The key insight: The furthest position where parsing failed is usually the most helpful error to report. Why? Because it means the parser understood everything up to that point. This gives users confidence that the earlier parts of their query are correct.
We track every parse attempt and remember the furthest position reached:
// Conceptual error tracking structure
struct ErrorTracker {
furthest_pos: usize, // How far did we get?
expected: Vec<String>, // What were we looking for?
found: Option<String>, // What did we actually find?
}
The algorithm is simple: whenever we encounter an error, we check if it's further than our previous furthest error. If it is, this becomes our new "best" error to report. If it's at the same position, we add it to the list of expectations ("Expected SELECT, INSERT, or UPDATE").
The Implementation Approach
In our demo implementation, we used
RefCell
The key insight remains the same: track the furthest position where parsing failed, as this gives users the most relevant error location. Whether you use RefCell, pass error context, or use another pattern, the goal is to preserve error information during backtracking.
Adding Suggestions
Once we know what went wrong, can we suggest what the user meant? We use Jaro-Winkler distance - an algorithm that measures how similar two strings are, giving extra weight to matching prefixes (since typos often happen at the end of words).
For example:
- "SELCT" vs "SELECT" = 0.94 similarity (very likely a typo)
- "FORM" vs "FROM" = 0.91 similarity (probably meant FROM)
- "WHEER" vs "WHERE" = 0.93 similarity (missing one letter)
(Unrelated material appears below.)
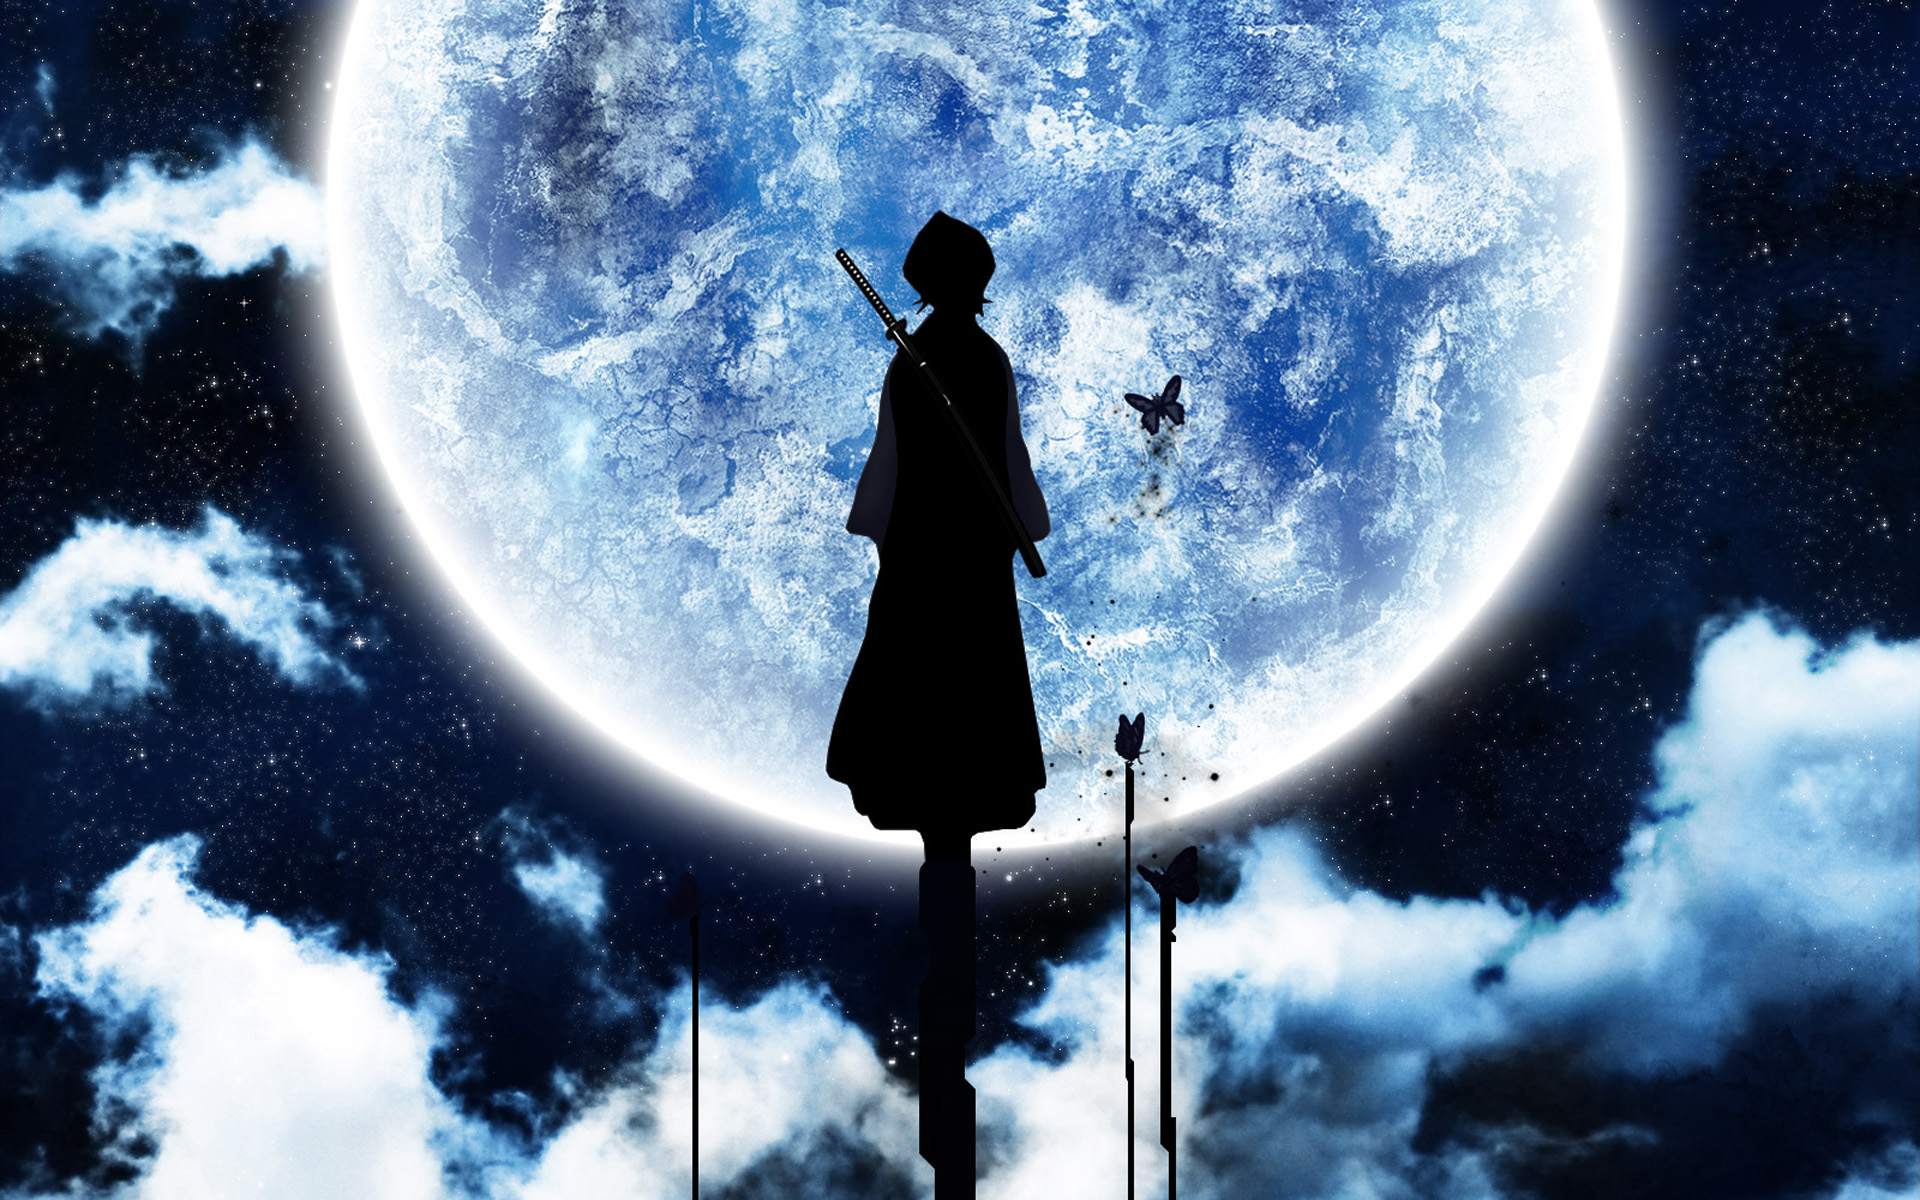 Rukia Kuchiki under the moonlight.

We suggest corrections when similarity exceeds 80% - high enough to catch typos, low enough to avoid nonsense suggestions.
The Result
Now our error messages are actually helpful:
Parse error at line 1:24
Expected WHERE, found 'WHEER'
Did you mean: WHERE
1 | SELECT name FROM users WHEER age > 18
| ^^^^^
Part 3: A Zero-Copy Architecture for Speed and Efficiency
The Memory Problem
sqlparser-rs (and many parsers) copy strings during tokenization:
// Simplified version of what happens
struct Token {
text: String, // Owned, allocated string
position: usize,
}
fn tokenize(input: String) -> Vec<Token> {
let mut tokens = Vec::new();
// Find a keyword
let keyword = &input[0..6]; // "SELECT"
tokens.push(Token {
text: keyword.to_string(), // ALLOCATION!
position: 0,
});
// ... more tokens
tokens
}
// For 100MB SQL:
// - Input: 100MB
// - Tokens: ~100MB in copied strings
// - AST: More copied strings
// Total: 300-400MB
Fighting the Borrow Checker
Our first attempt was naive - just use references:
// Attempt 1: Won't compile!
struct Token<'a> {
text: &'a str,
position: usize,
}
fn tokenize(input: String) -> Vec<Token> {
// ^^^^^^ input moved here
let mut tokens = Vec::new();
tokens.push(Token {
text: &input[0..6],
// ^^^^^^ Error: cannot return reference to local variable
position: 0,
});
tokens
}
The compiler is teaching us: we can't return references to data that's about to be dropped.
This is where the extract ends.